Trump himself cast doubt on both of those arguments in a Meet the Press interview that aired two days after Woodward filed his brief. The president suggested that the fund, which was part of a May 18 “settlement agreement” that resolved his lawsuit against the IRS, might not be dead after all. And he described the intended beneficiaries as people who “have been hurt so badly by radical-left lunatics” who “worked for the Biden administration and Sleepy Joe.”

As the contrast between Woodward’s arguments in court and Trump’s comments on TV illustrates, the Justice Department’s portrayal of the Anti-Weaponization Fund is completely divorced from reality. Woodward’s description of the fund, which he officially approved by signing the “settlement agreement,” glides over the reasons why it provoked the bipartisan backlash that persuaded Acting Attorney General Todd Blanche to ditch the idea two weeks after announcing it.

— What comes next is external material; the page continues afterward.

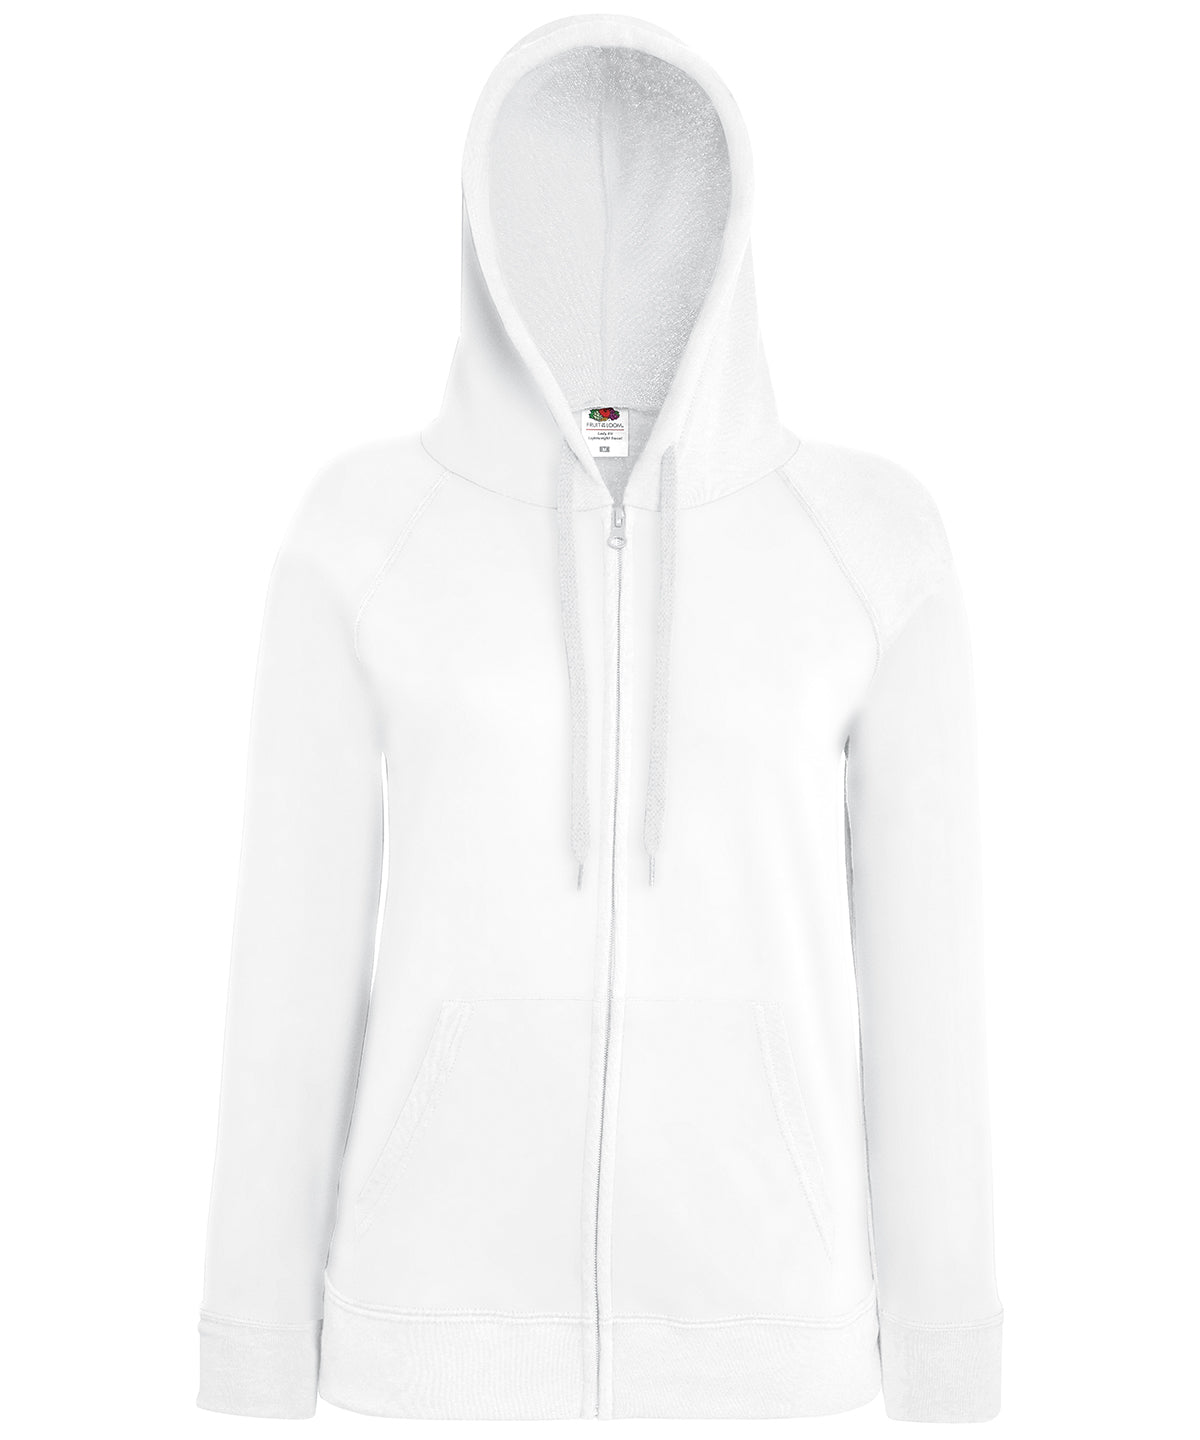 Hettupeysur - Women's Lightweight Hooded Sweatshirt Jacket

The pretext for the Anti-Weaponization Fund was a lawsuit in which Trump preposterously claimed that IRS contractor Charles Littlejohn’s illegal leaking of his tax returns had caused “at least” $10 billion in damages. In addition to offering an improbable estimate of the injury he had suffered, Trump missed the statutory deadline for filing such claims. And even if he had filed his lawsuit on time, he would have faced the challenge of showing that the IRS was responsible for the crimes of a man it did not employ.

Despite those legal weaknesses, the Justice Department never mounted a defense. That failure underlined the blatant conflicts of interest created by the lawsuit, which pitted Trump against agencies he oversees in a case where both sides were represented by attorneys who work for him. The situation was so bizarre that Kathleen Williams, the federal judge overseeing the case in the Southern District of Florida, questioned whether it involved a genuine controversy between adverse parties, as required for the lawsuit to proceed.

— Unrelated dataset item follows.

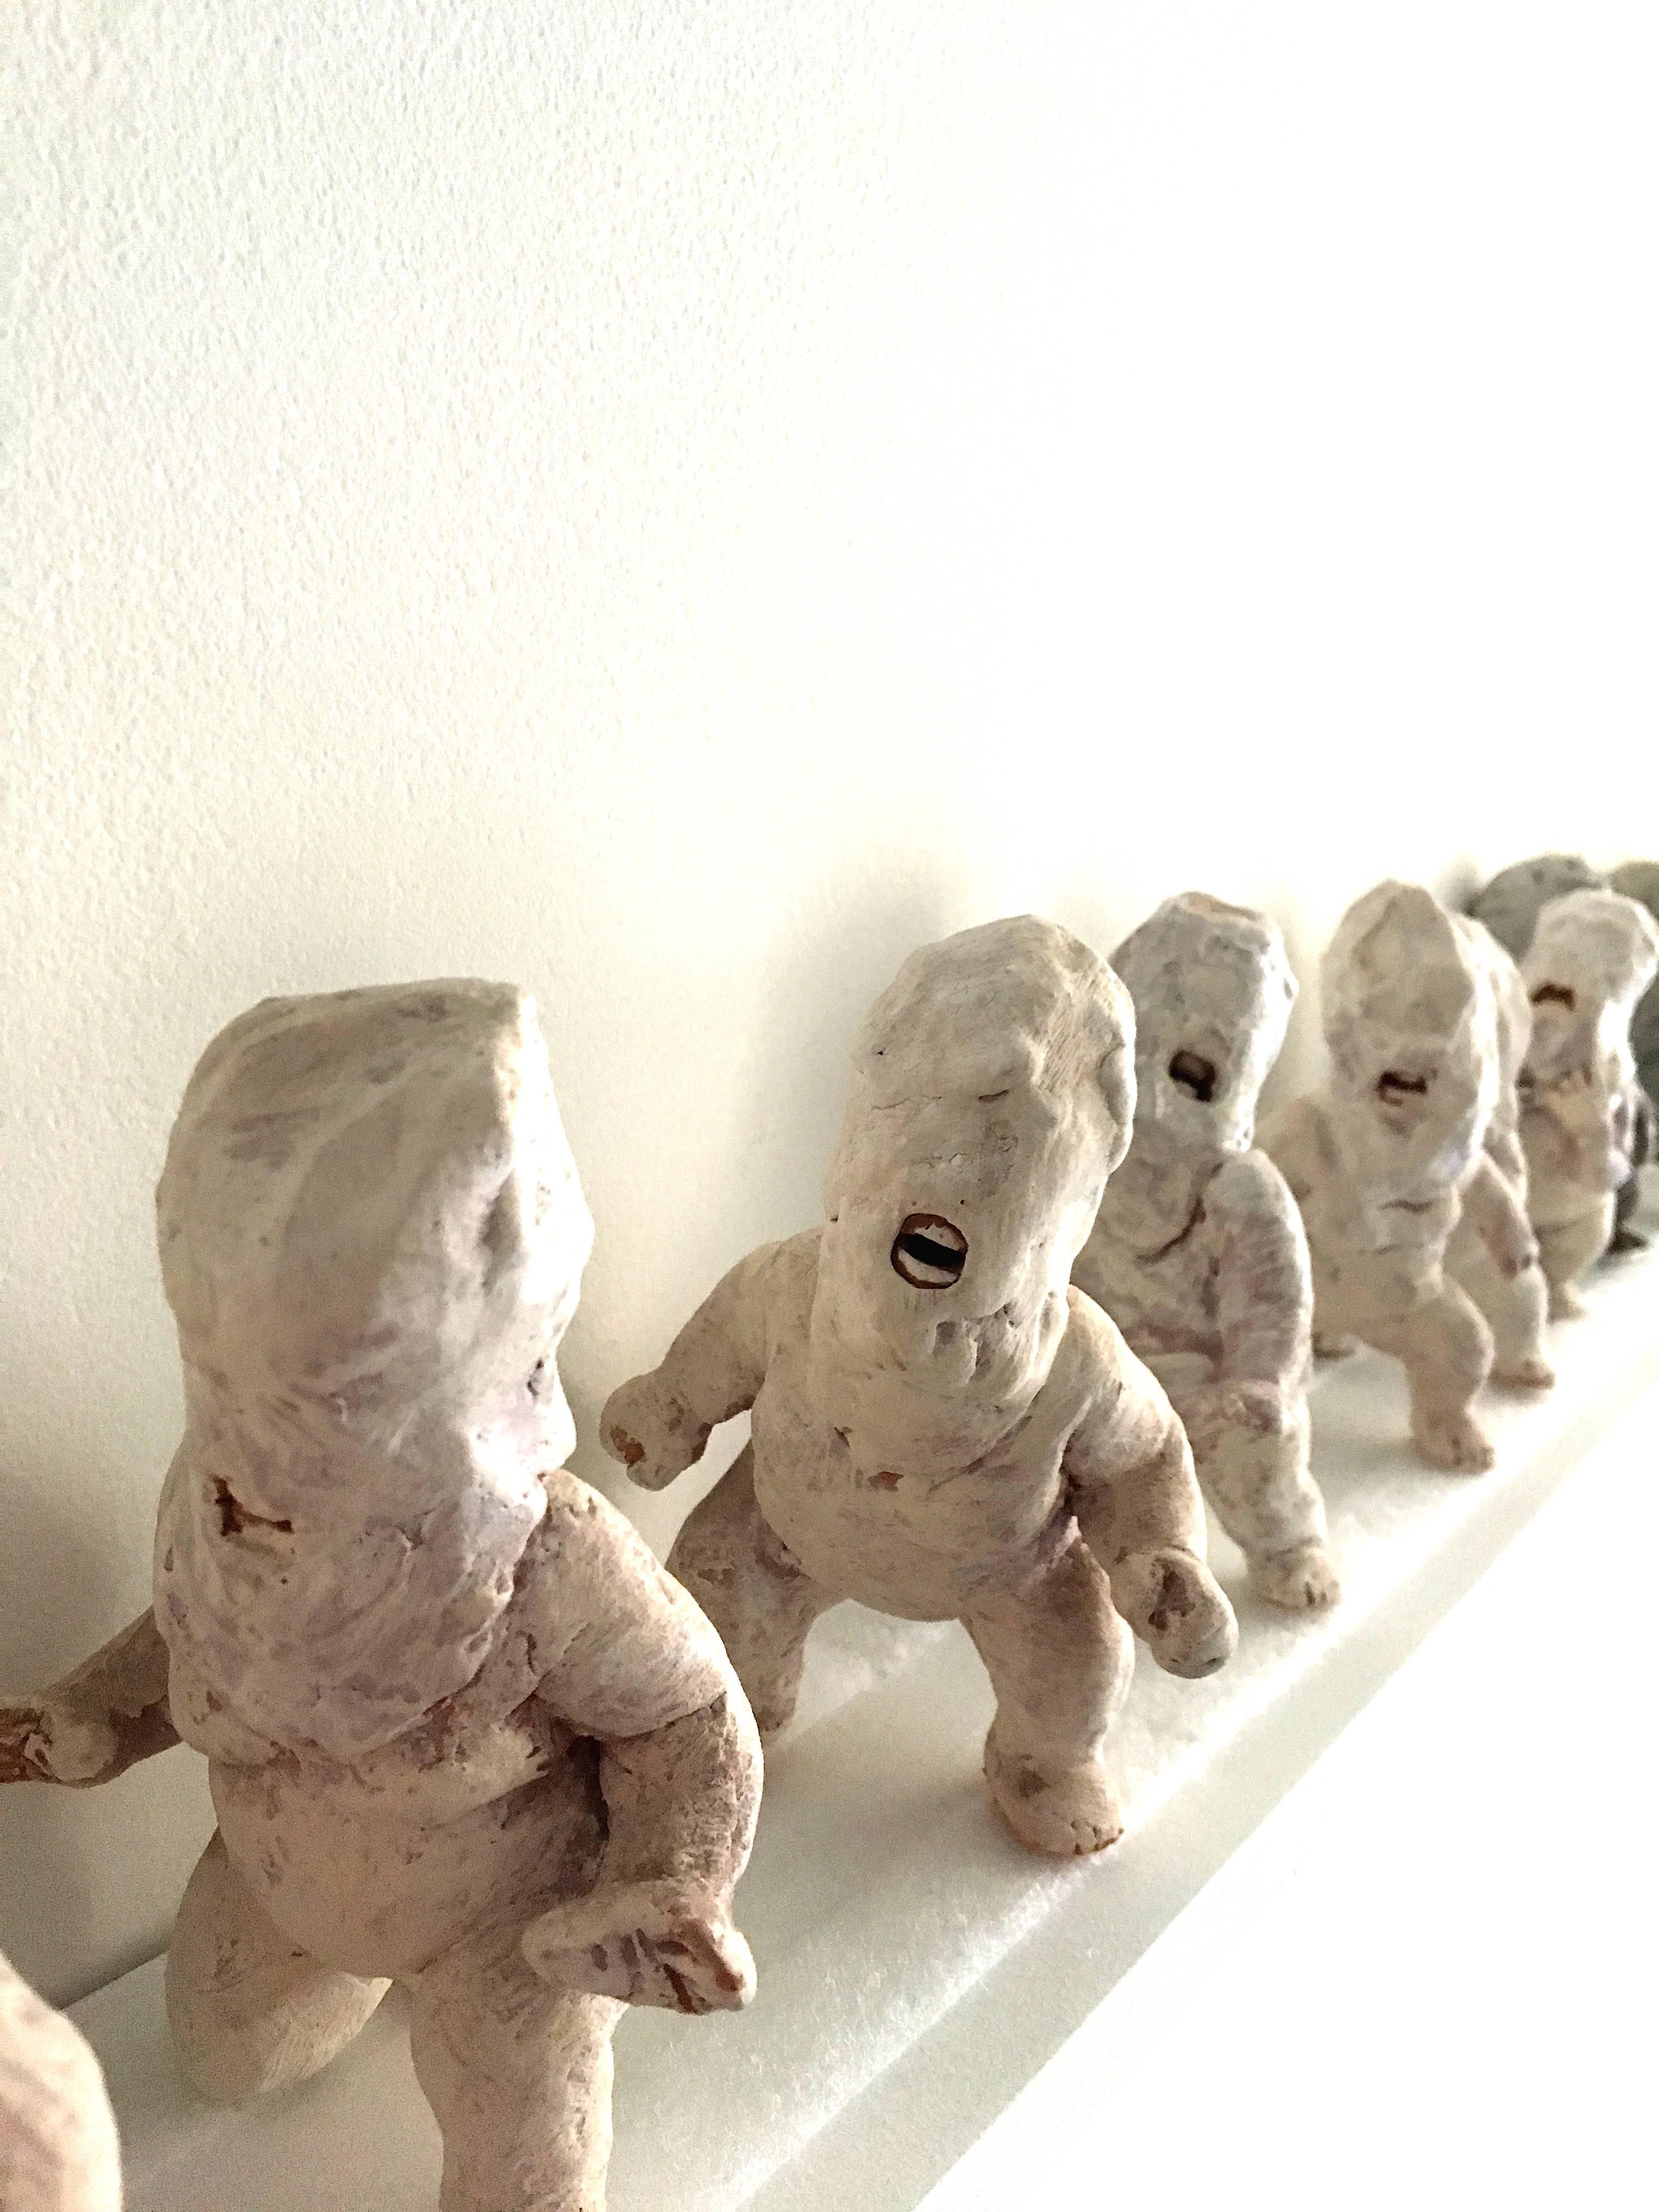 Kenjiro Kitade Nude Sculpture - Enfant Terrible

“Because President Trump is the Chief Executive,” Woodward concedes, his lawsuit against his own administration “presented unique challenges.” That is putting it mildly: If the parties were not truly adverse, which they clearly were not, this was a fake case from the beginning, and any “settlement” arising from it is just as phony.

“Ultimately,” Woodward says, “the federal defendants agreed to resolve the litigation.” That ultimately is doing a lot of work. Why settle a lawsuit that was fatally flawed? Could that decision have something to do with the fact that the lead plaintiff happened to be the boss of the Justice Department lawyers charged with defending the IRS, which they manifestly failed to do?

Woodward does not say. But it is clear that the Justice Department did not treat Trump like other plaintiffs with similar claims. In 2022, Woodward notes, Kenneth Griffin, another billionaire whose tax returns were disclosed by Littlejohn, sued the IRS under 26 USC 7431, the same statute that Trump invoked. Unlike Trump, Griffin filed his lawsuit within two years of learning about the disclosure, as that law requires. Also unlike Trump, Griffin faced Justice Department lawyers who actually challenged his claims.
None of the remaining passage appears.